What Is An Adjustable Rate Mortgage (ARM)?
An adjustable rate mortgage is certain type of home mortgage that has a variable interest rate. Compared to a 30 year fixed mortgage, the borrower’s payment is considerabely less. This is due to the transfer of risk from the lender to the borrower.
The Structure Of An ARM
There is a wide variety of adjustable rate mortgages. The 2 main components can be recognized by it’s name.
When you review the different types of ARMs, you’ll notice 2 numbers. You can get a 1:1, 3:1, 5:1, 7:1, or even a 10:1. This just a short list, but to explain further, the first number is the fixed period. Even though the name of an adjustable rate mortgage implies that it contains a fluctuating interest rate, these loans have a initial fixed period. You can are additional equity by paying more towards principle. Your equity growth can be calculated by a home appreciation calculator.

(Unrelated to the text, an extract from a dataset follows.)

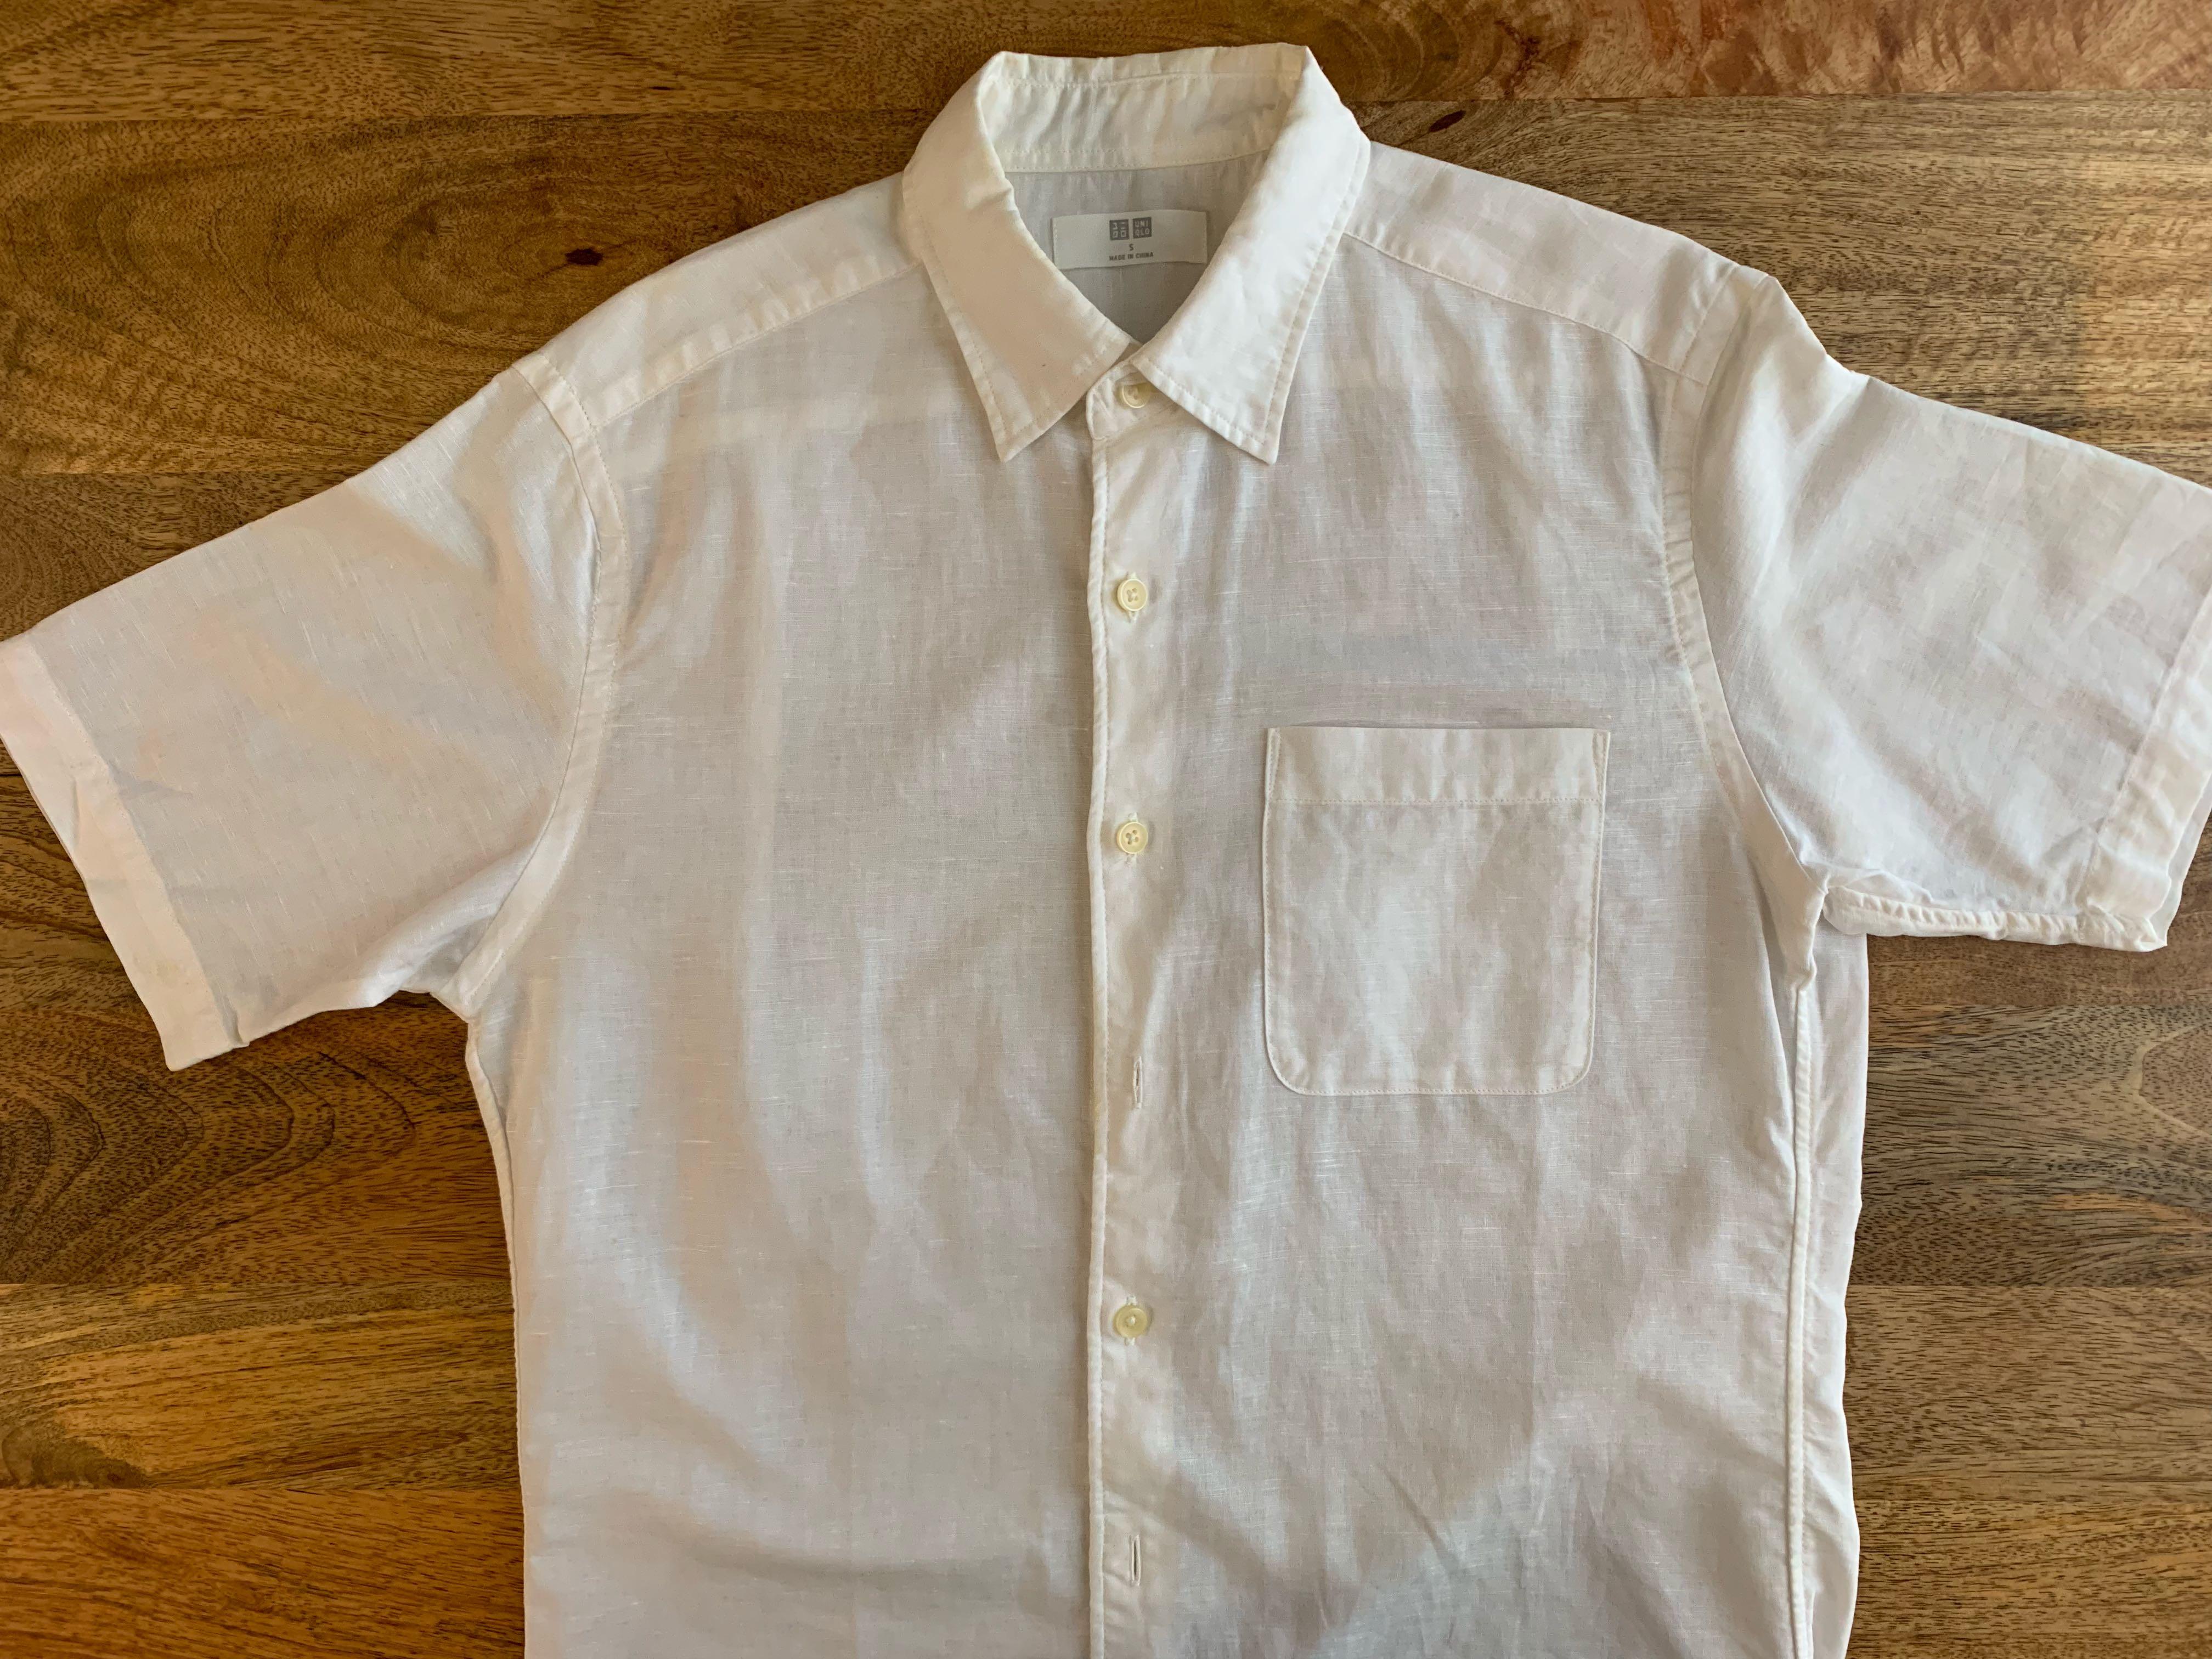 للمساهمة تربية قابل للتعديل Uniqlo White Linen Shirt Analogdevelopment Com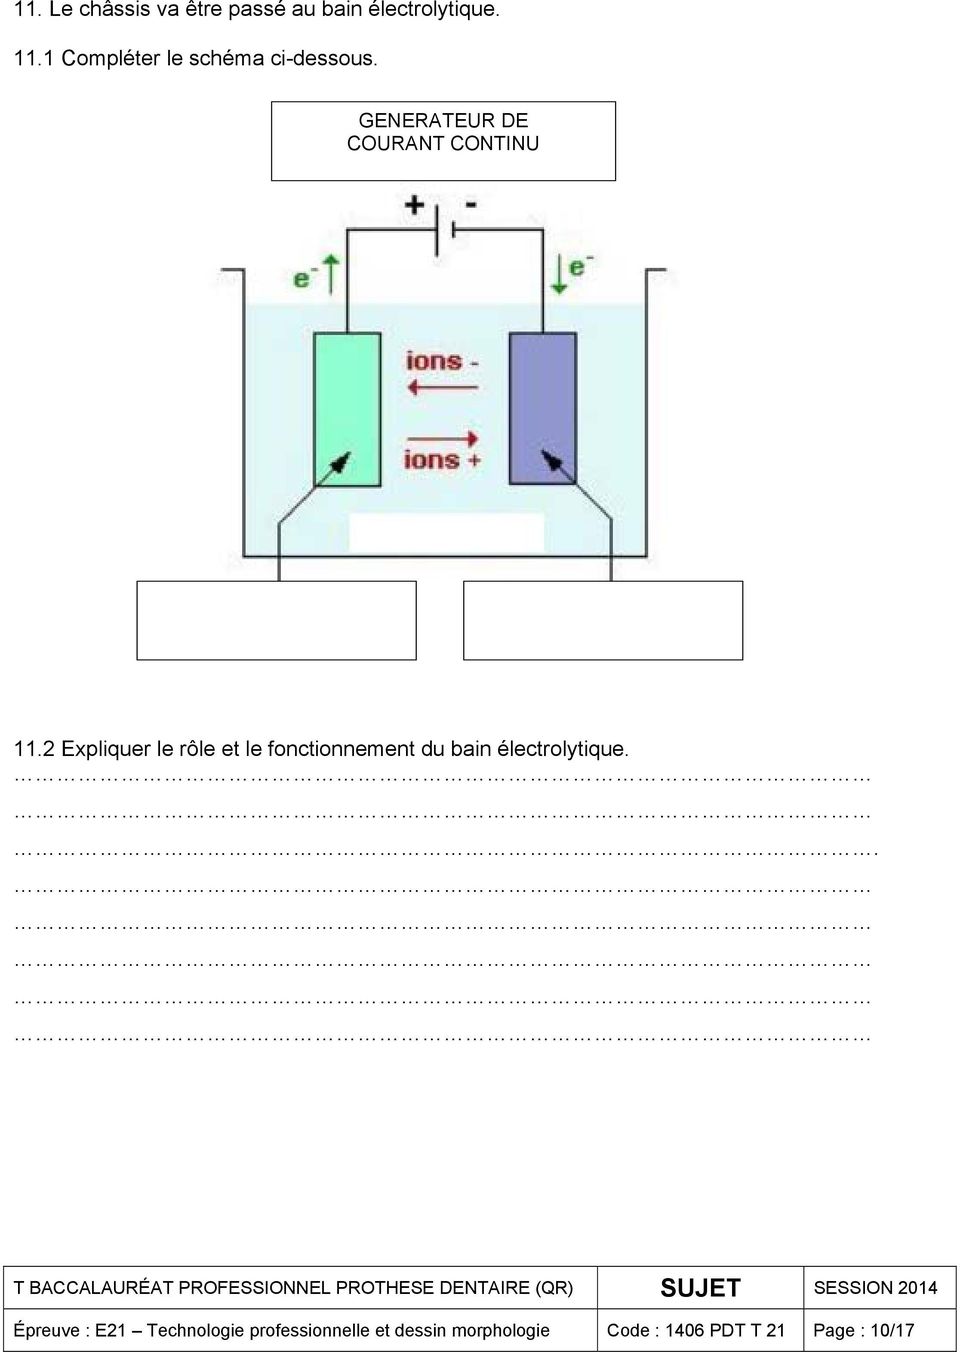 2 Expliquer le rôle et le fonctionnement du bain électrolytique.

For example, if you are looking at a 5:1 ARM, the loan will be fixed for 5 years. Then after the initial period, the rate will adjust.
The second number shows how often the rate will adjust. Since all of the examples shown above end with the number 1, these loans will adjust every year after the initial fixed period. If the second number was a 2, the loan rate will adjust every 2 years.
Consider Your Needs Before You Apply
Before applying for a home mortgage, make sure that you consider your needs. Although the thoughts of a fluctuating interest rate might be scary, there are some safeguards, such as interest rate caps, that protect the borrower from burdening issues that American’s once faced. Many home owners use the real estate appreciation calculator to measure the home equity growth. The most important part of choosing the right mortgage is to look at what fits your situation the best. Every home owner has different circumstances in life, and every home has a loan which suits a families, or individuals finances and comfort level.